DATASET EXCERPT
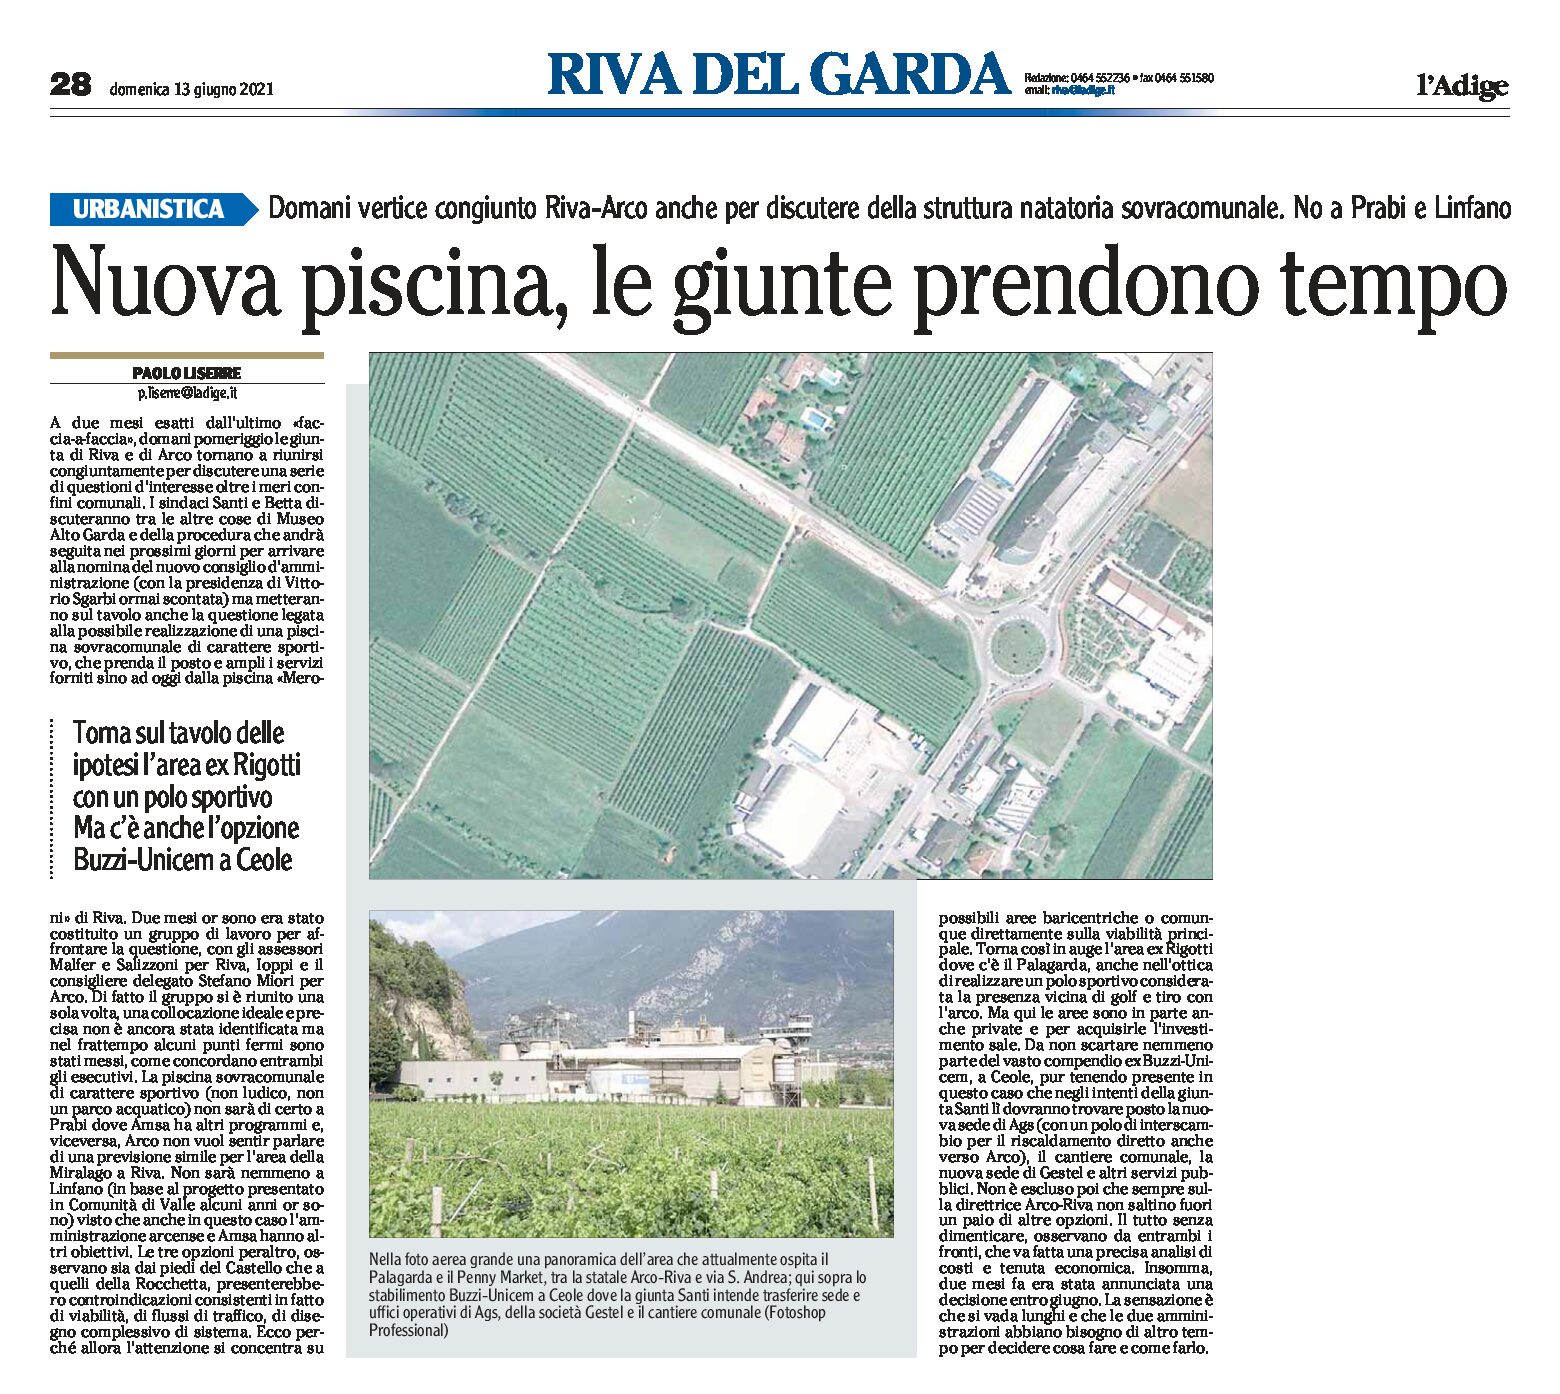 Riva-Arco: nuova piscina, le giunte prendono tempo
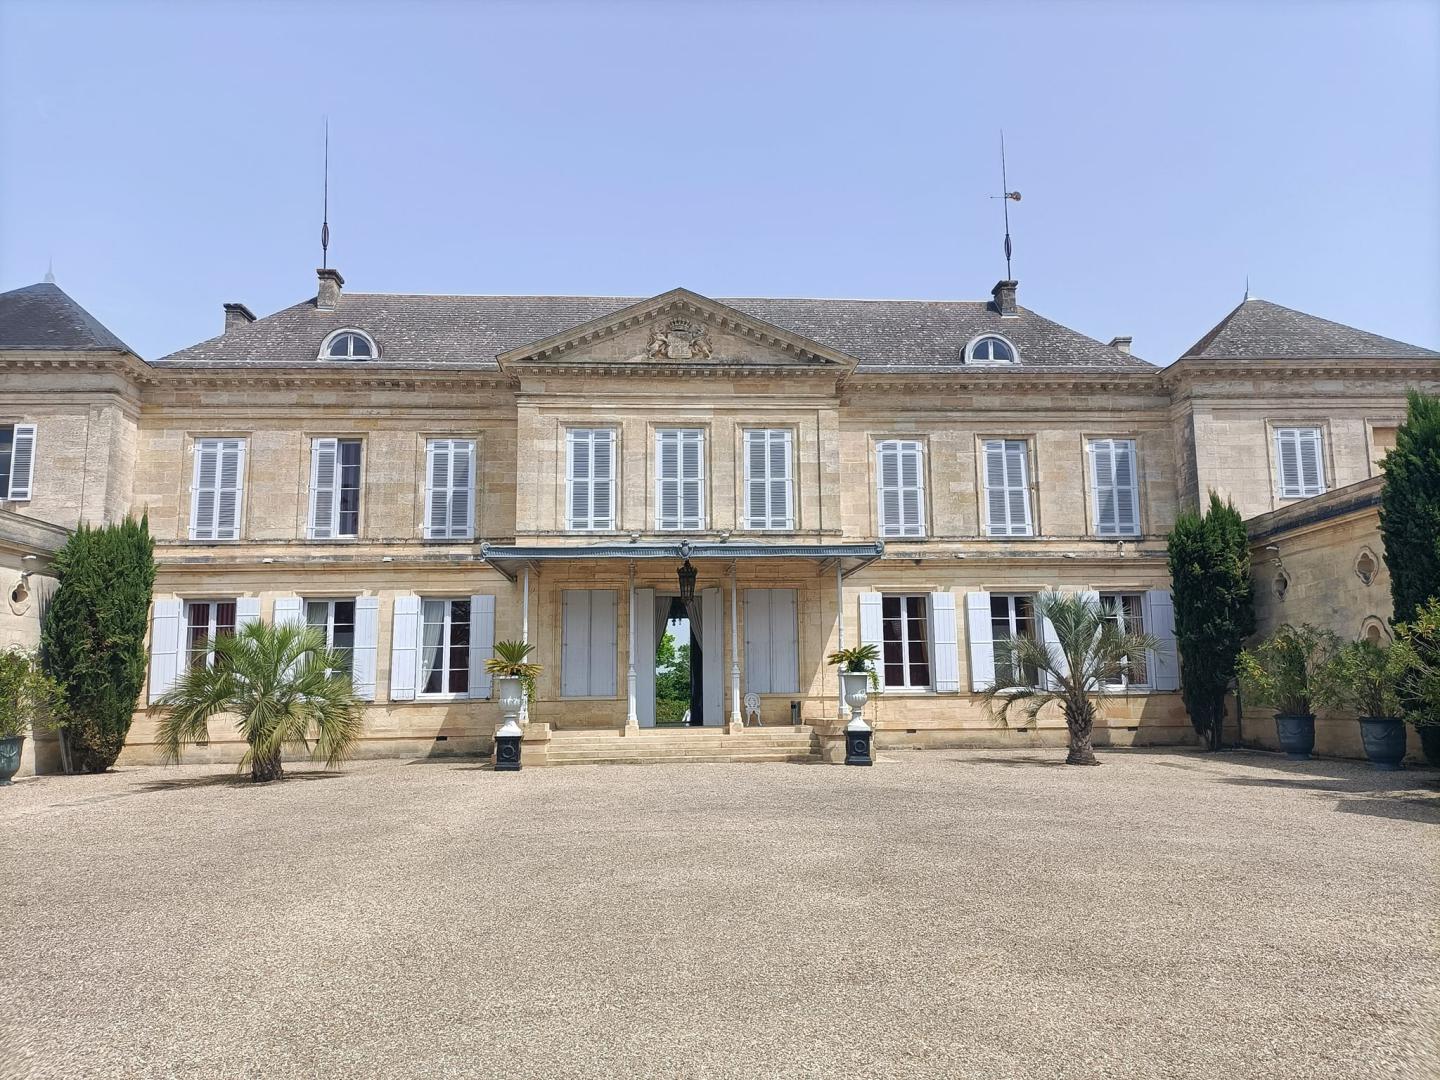 Samedi 21 mai 2022, le groupe ONLY NEW JAZZ BAND était en formule 4tet au Château de Peyronnet à St-Louis-de-Montferrand (33), pour l'animation du mariage d'Emilie et Jean-Charles !
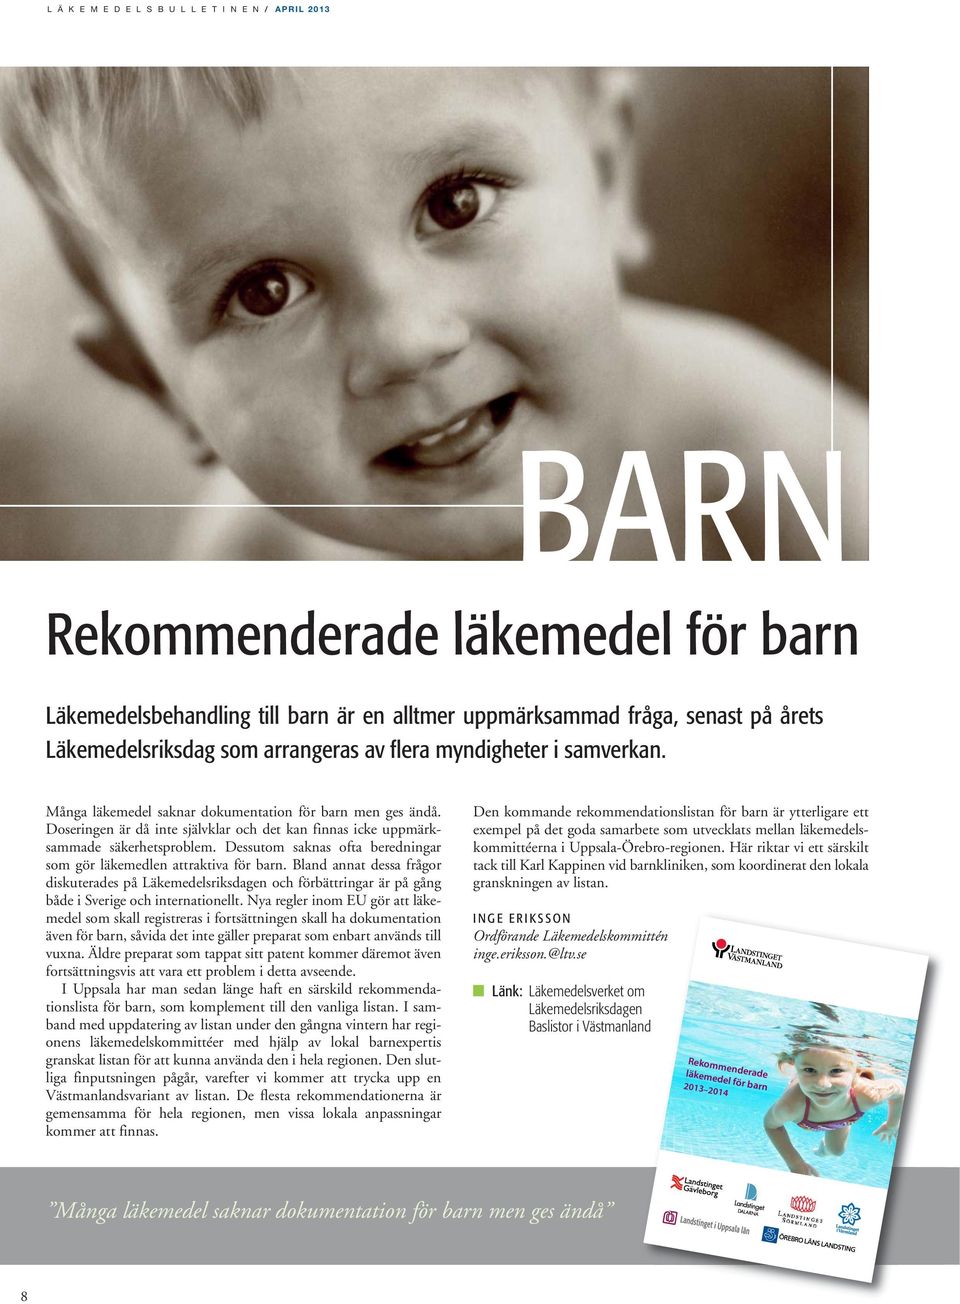 Dessutom saknas ofta beredningar som gör läkemedlen attraktiva för barn. Bland annat dessa frågor diskuterades på Läkemedelsriksdagen och förbättringar är på gång både i Sverige och internationellt.

EXERCISE GOAL
What you give back must match the material above exactly, minus its pictures.

RESULT
 Riva-Arco: nuova piscina, le giunte prendono tempo
 Samedi 21 mai 2022, le groupe ONLY NEW JAZZ BAND était en formule 4tet au Château de Peyronnet à St-Louis-de-Montferrand (33), pour l'animation du mariage d'Emilie et Jean-Charles !
 Dessutom saknas ofta beredningar som gör läkemedlen attraktiva för barn. Bland annat dessa frågor diskuterades på Läkemedelsriksdagen och förbättringar är på gång både i Sverige och internationellt.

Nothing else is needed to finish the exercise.